Danielle Villars

Personal information
- National team: Switzerland
- Born: 6 March 1993 (age 33) Zurich, Switzerland
- Height: 1.78 m (5 ft 10 in)
- Weight: 60 kg (132 lb)

Sport
- Sport: Swimming
- Strokes: Freestyle, butterfly
- Club: Limmat Sharks (SUI)
- College team: Southern Methodist University (USA)
- Coach: Dirk Reinicke

= Danielle Villars =

Swiss swimmer (born 1993)

Danielle Villars (born 6 March 1993) is a Swiss swimmer who specialized in freestyle and butterfly events. She has won multiple Swiss titles and currently holds four national records in both freestyle and butterfly (100 and 200 m). Villars is a resident athlete for the Limmat Sharks, and is coached and trained by Dirk Reinicke.

Villars made her international debut at the 2010 Summer Youth Olympics in Singapore, where she rounded out the finale to eighth place in the 100 (57.72) and 200 m freestyle (2:04.89).

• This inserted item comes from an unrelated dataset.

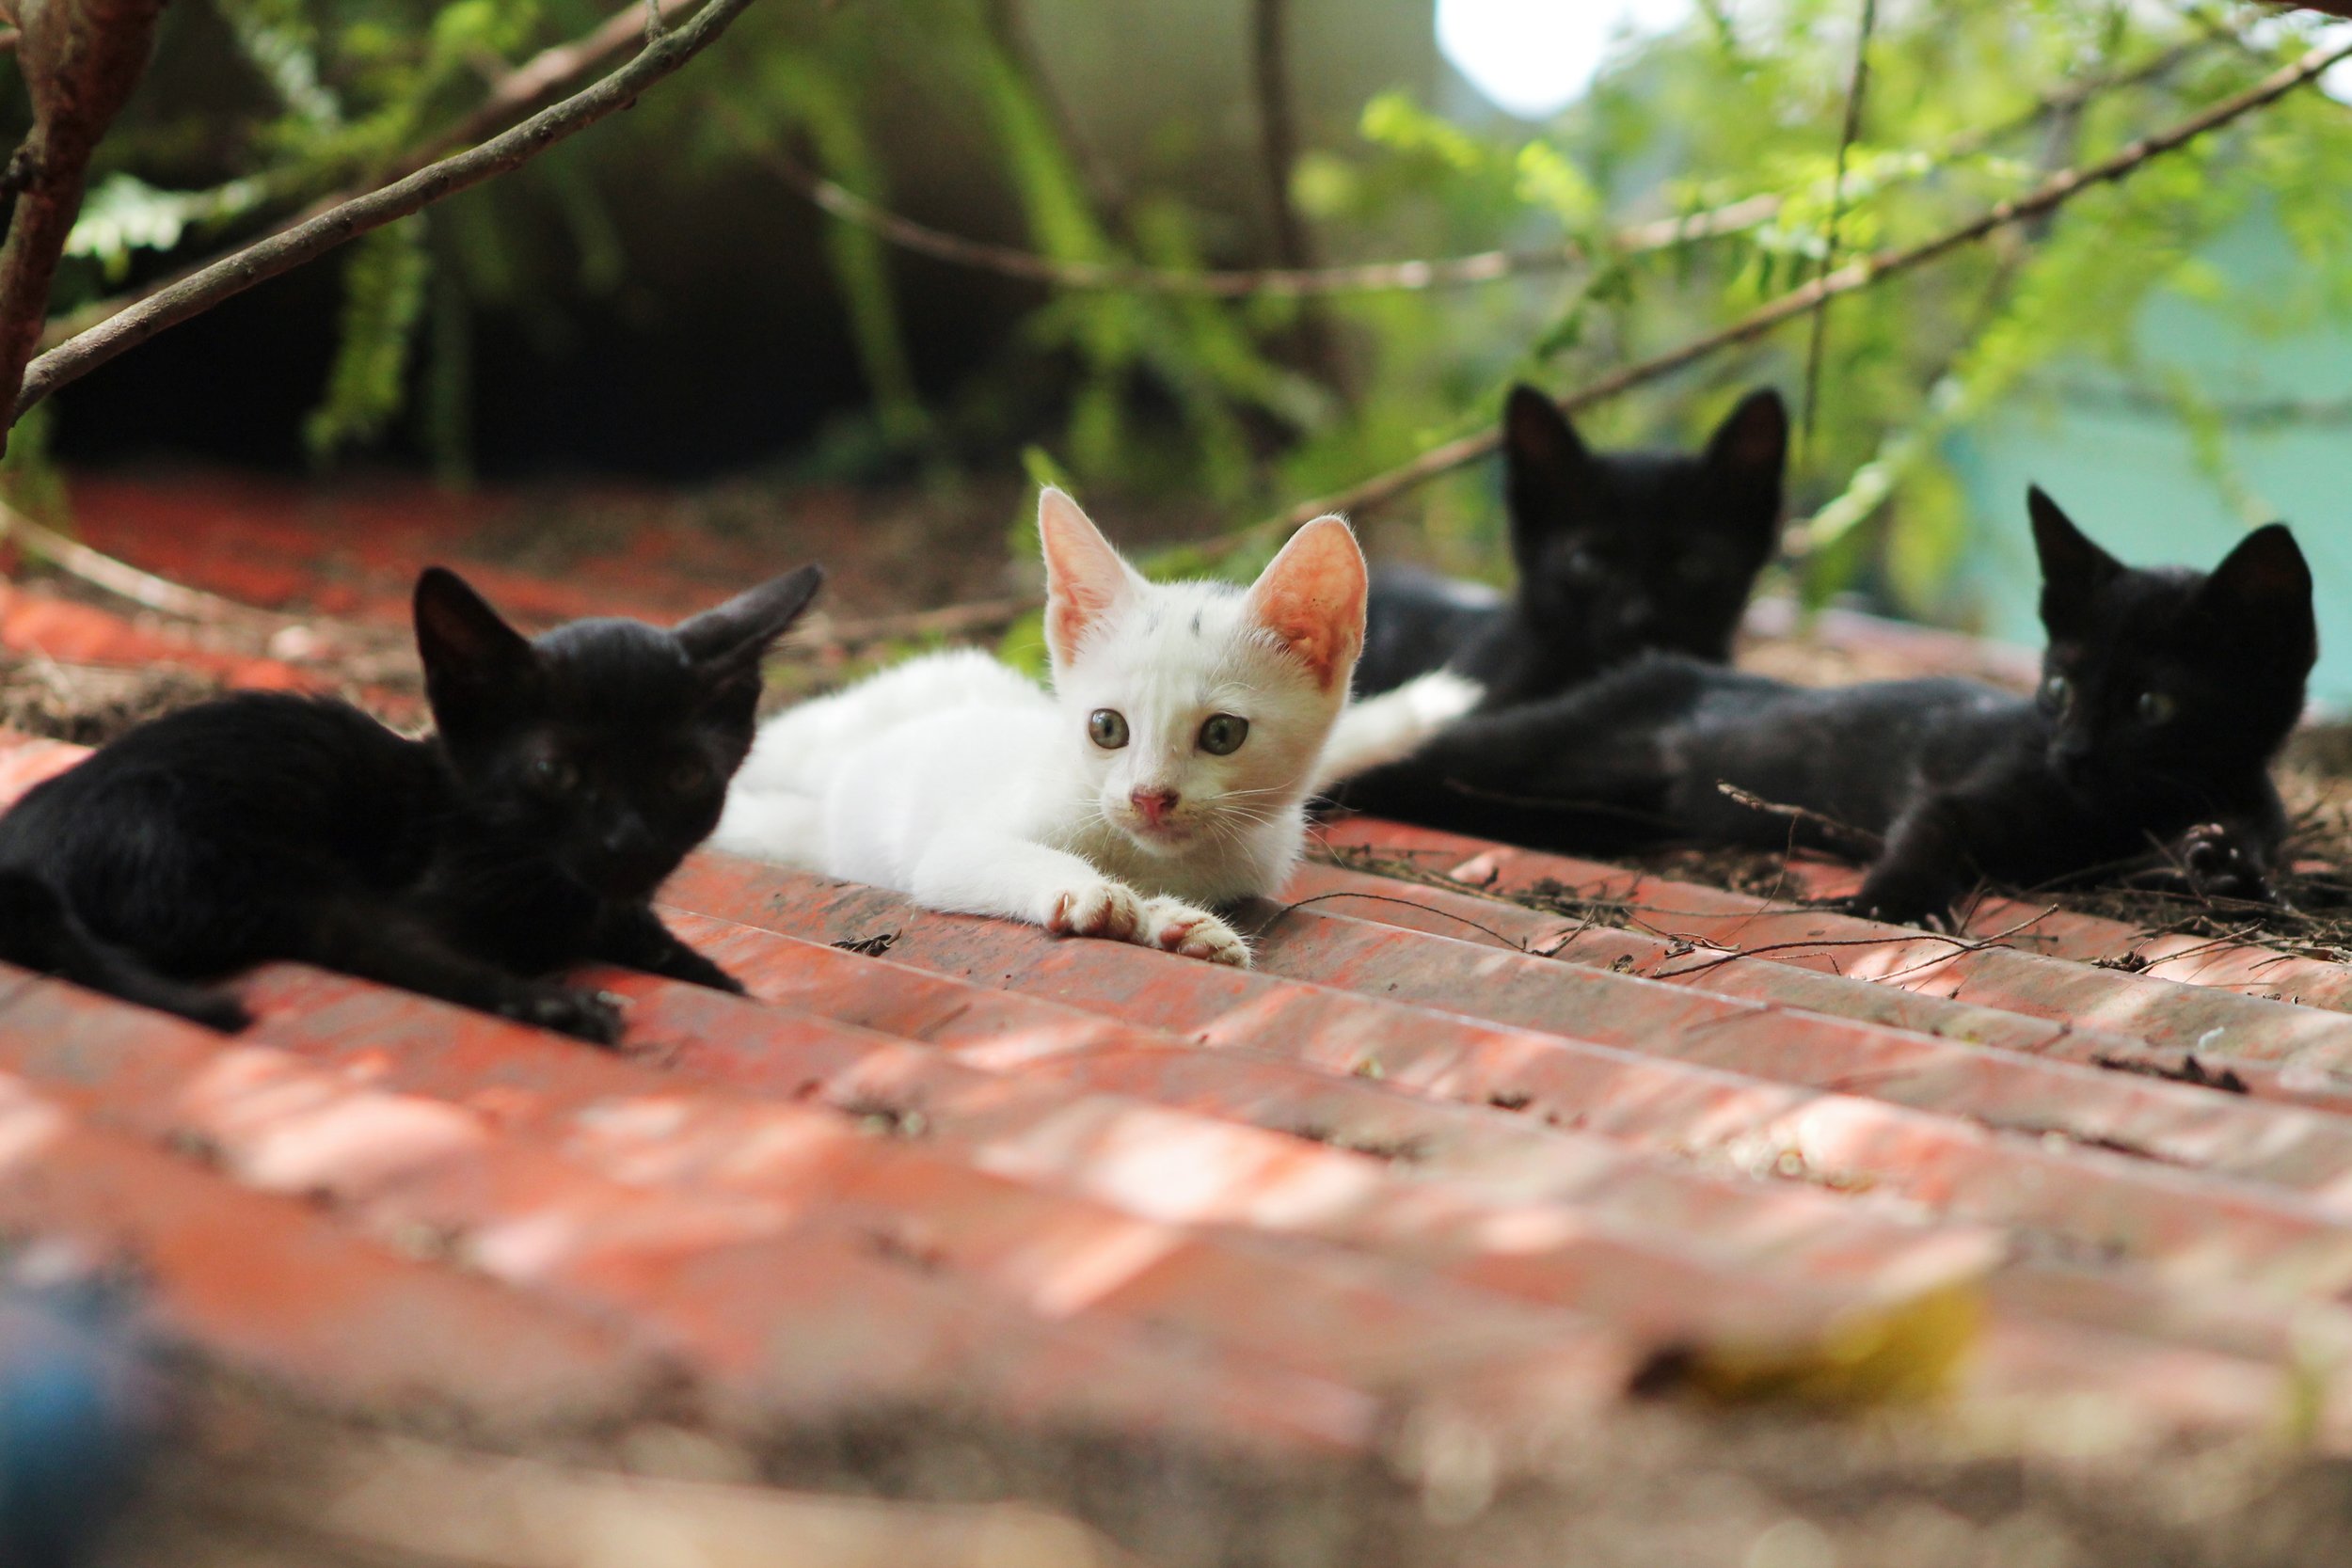  We offer donation-based services for feral, stray + barn cats.

At the 2012 Summer Olympics in London, Villars maintained her program by qualifying for two swimming events. She posted FINA B-standard entry times of 59.57 (100 m butterfly) from the European Championships in Debrecen, Hungary, and 2:01.47 (200 m freestyle) from the Olympic trials in Zurich. In the 100 m butterfly, Villars broke her own Swiss record of 59.42 to share a top seed in the second heat and a twenty-sixth-place tie with Spain's Judit Ignacio Sorribes on the first day of the Games. In the 200 m freestyle, Villars raced to second place on the first heat by 1.06 seconds behind Thailand's Natthanan Junkrajang, outside her personal best of 2:03.55. Villars failed to advance into the semifinals, as she placed thirty-first overall in the preliminaries.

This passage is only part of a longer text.